- Network Rail
- Freeman Fox & Partners
Built in 1859, Grosvenor Bridge was the first railway bridge to cross the Thames in London. Spanning 54 metres, Grosvenor Railway bridge is also the widest bridge on the Thames – almost double the width of Westminster Bridge.
Grosvenor Bridge was built in three stages. The original five-arch wrought iron bridge was built by Sir John Fowler in 1859, and then widened to include an extra four tracks in 1866 by Sir Charles Fox. In 1967, the bridge was rebuilt by Freeman Fox and Partners with project engineer A.H. Cantrell. At this point, a tenth track was added and each track was encased in a separate steel span. This means that Grosvenor Bridge is in fact now ten separate but adjacent bridges. If you look underneath the bridge, you can clearly see each of the ten bridges.
In 1968, Grosvenor Bridge was said to be the busiest railway bridge in the world with 100 trains crossing per day. Today, it is still one of the world’s busiest railway bridges carrying over 200,000 passengers per day.

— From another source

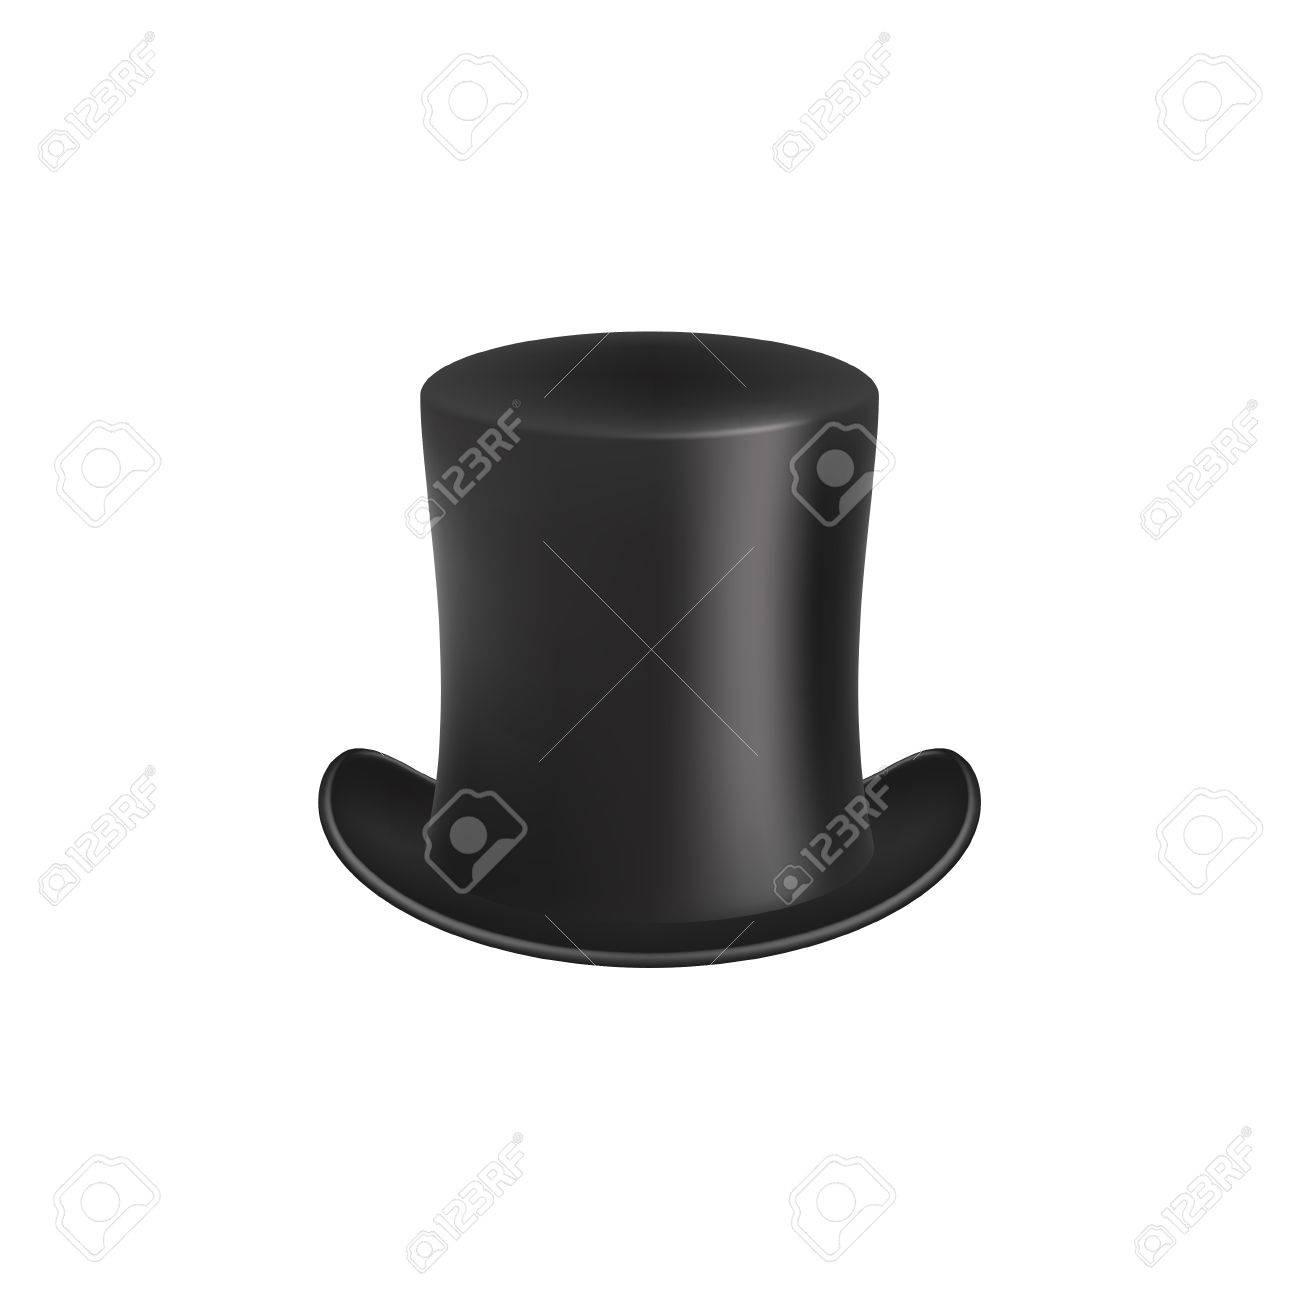 80d090b1 Sombrero de caballero en el diseño negro
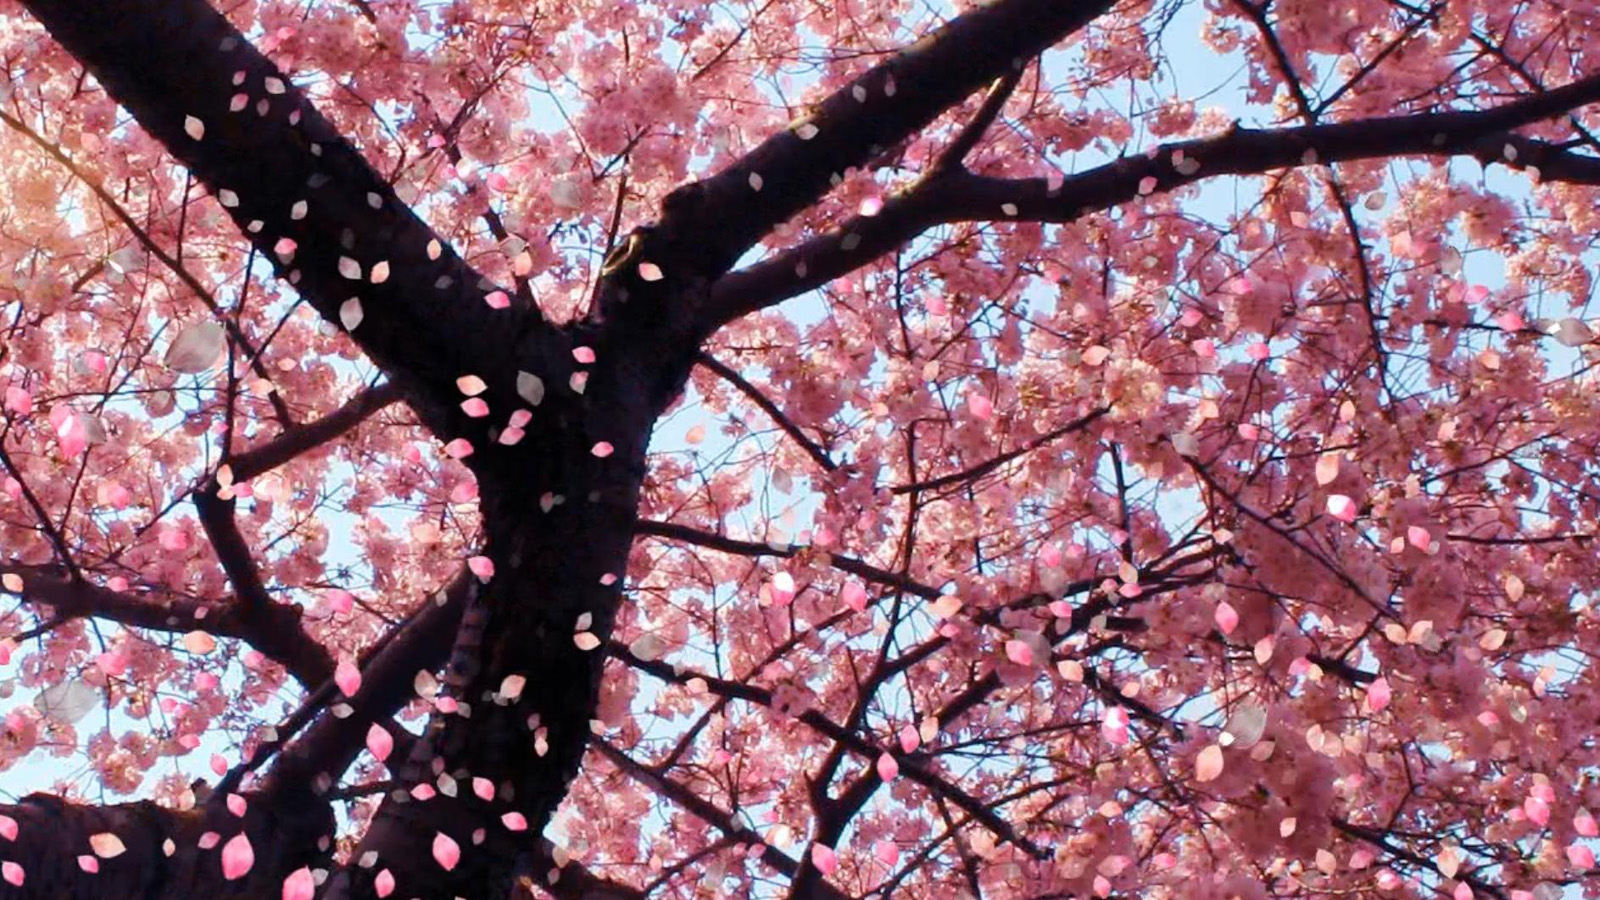 Drawn sakura blossom orchid tree Blossom wallpaper Orchid Wallpaper Cherry

Leo Villareal's artwork for Grosvenor Railway Bridge will account for its surrounding townscape, as the proximity to residential areas requires a sensitive approach to the currently unlit bridge. Grosvenor will be in visual harmony with nearby Chelsea and Albert Bridges, as well as Tower Bridge, Millennium Bridge and the Golden Jubilee footbridges in its monochromatic lighting program of a quiet layering of white tones.